Question sur Duch ordonnant de tuer

Dernière citation aux enquêteurs relevée par le juge : « Duch accompagnait les gens. Il en restait un. Il m’a demandé : ‘Es-tu déterminé ou non ?’ J’ai répondu : ‘Je suis déterminé’. Si je ne disais pas ça, j’avais peur qu’il m’accuse de m’opposer à lui. Il m’a ordonné de le tuer. » Him Huy se souvient de cette déclaration. « Il y avait une exécution de masse. Duch est venu regarder. Nous étions presqu’arrivés à l’aube et au bord de la fosse j’ai vu très clairement que mon chef était là. Mais je devais me précipiter pour terminer ma tâche. A ce moment-là il m’a demandé si j’avais une position absolue. […] Après avoir fait cette exécution, je suis reparti vérifier la liste. »  Cet ordre survient-il une fois ou plusieurs fois ? « Je ne suis pas très sûr en fait maintenant. Est-ce que c’était Duch ou est-ce que c’était Hor. L’aube était en train d’arriver, nous devions travailler en hâte pour tout terminer très vite. Je me souviens d’avoir reçu cette instruction et d’avoir exécuté ce prisonnier. »


Confrontation

Le juge demande à Duch de se lever.

– Reconnaissez-vous la personne ici présente dans la salle d’audience monsieur Him Huy ?

– Oui, je le reconnais

– Qui est-ce ?

– C’est mon supérieur

– Est-ce que c’était lui qui était avec vous au bord de la fosse à l’aube au petit matin et qui vous a demandé d’exécuter un prisonnier ?

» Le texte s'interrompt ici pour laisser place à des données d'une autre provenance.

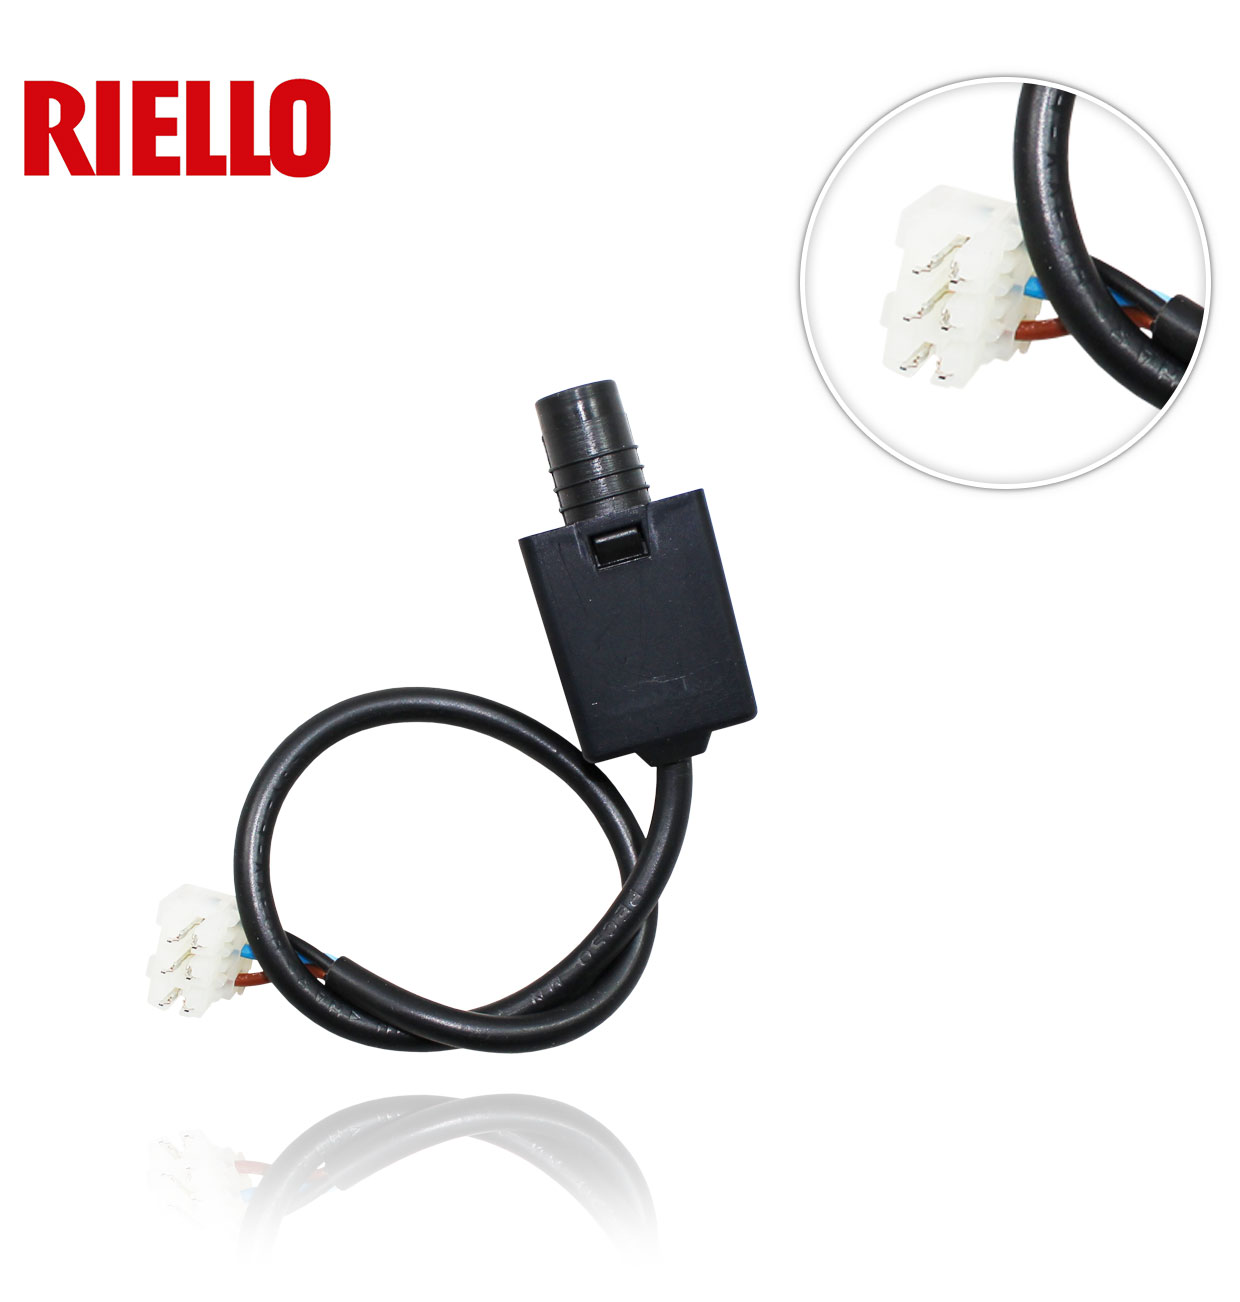 RIELLO/ROCA 3007492 C IRD 1010 R CELL with special connector
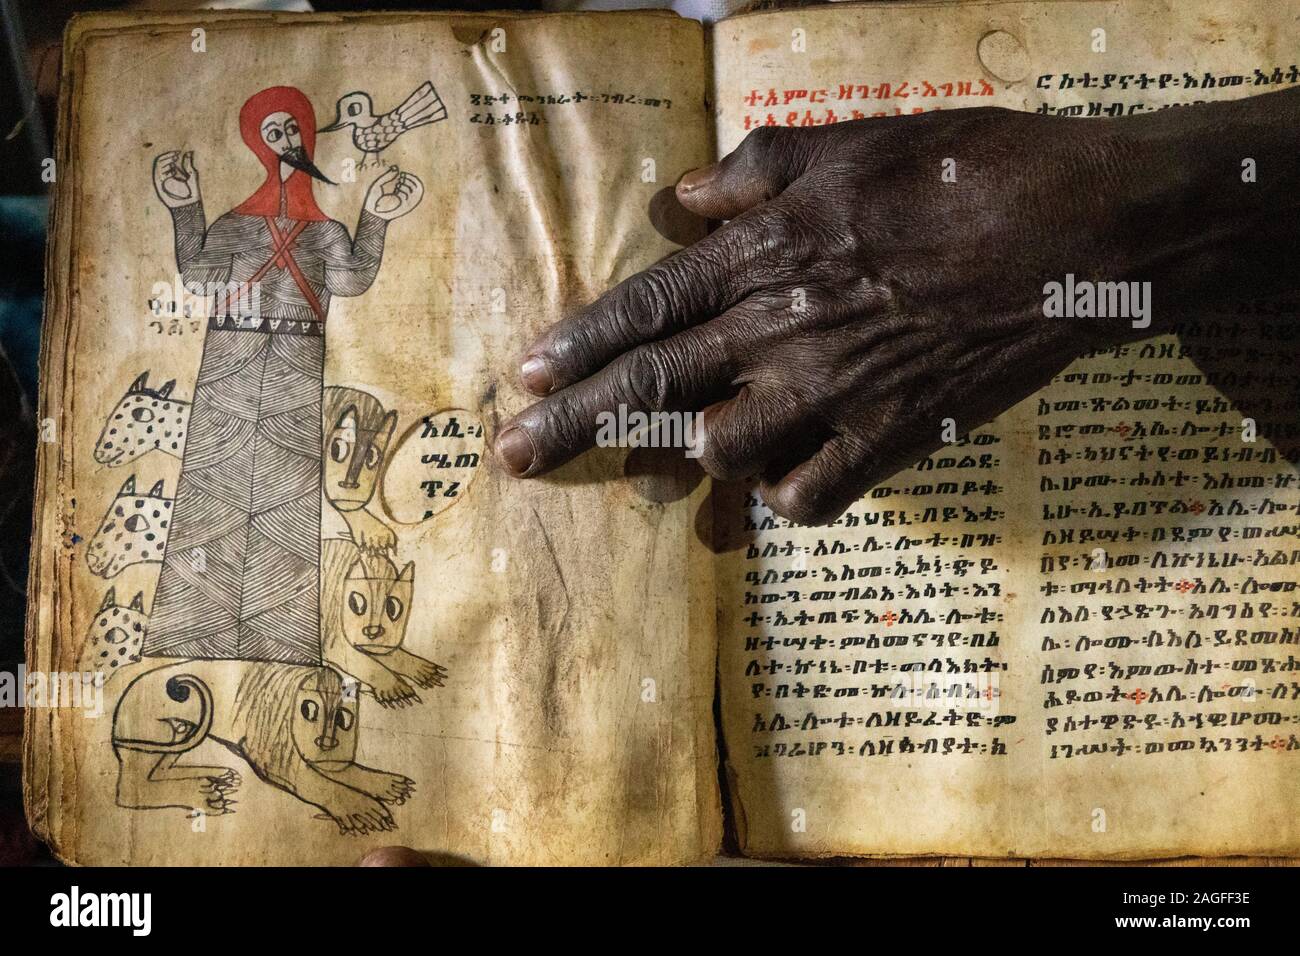 Ethiopia, Amhara Region, Lalibela, Arbatu Ensessa, Biblia Chirkos, ancient rock hewn church, priest’s hand on 800 year-old illuminated gospel showing Stock Photo

– Comme je viens de le dire, nous étions vraiment en train de travailler en grande hâte. Les camions allaient repartir. Si l’aube pointait on aurait pu nous voir, le secret serait violé. Je ne suis plus sûr si c’était lui ou Hor. C’était soit lui, soit Hor, parce qu’il était là lui aussi. Il était là en même temps que Hor.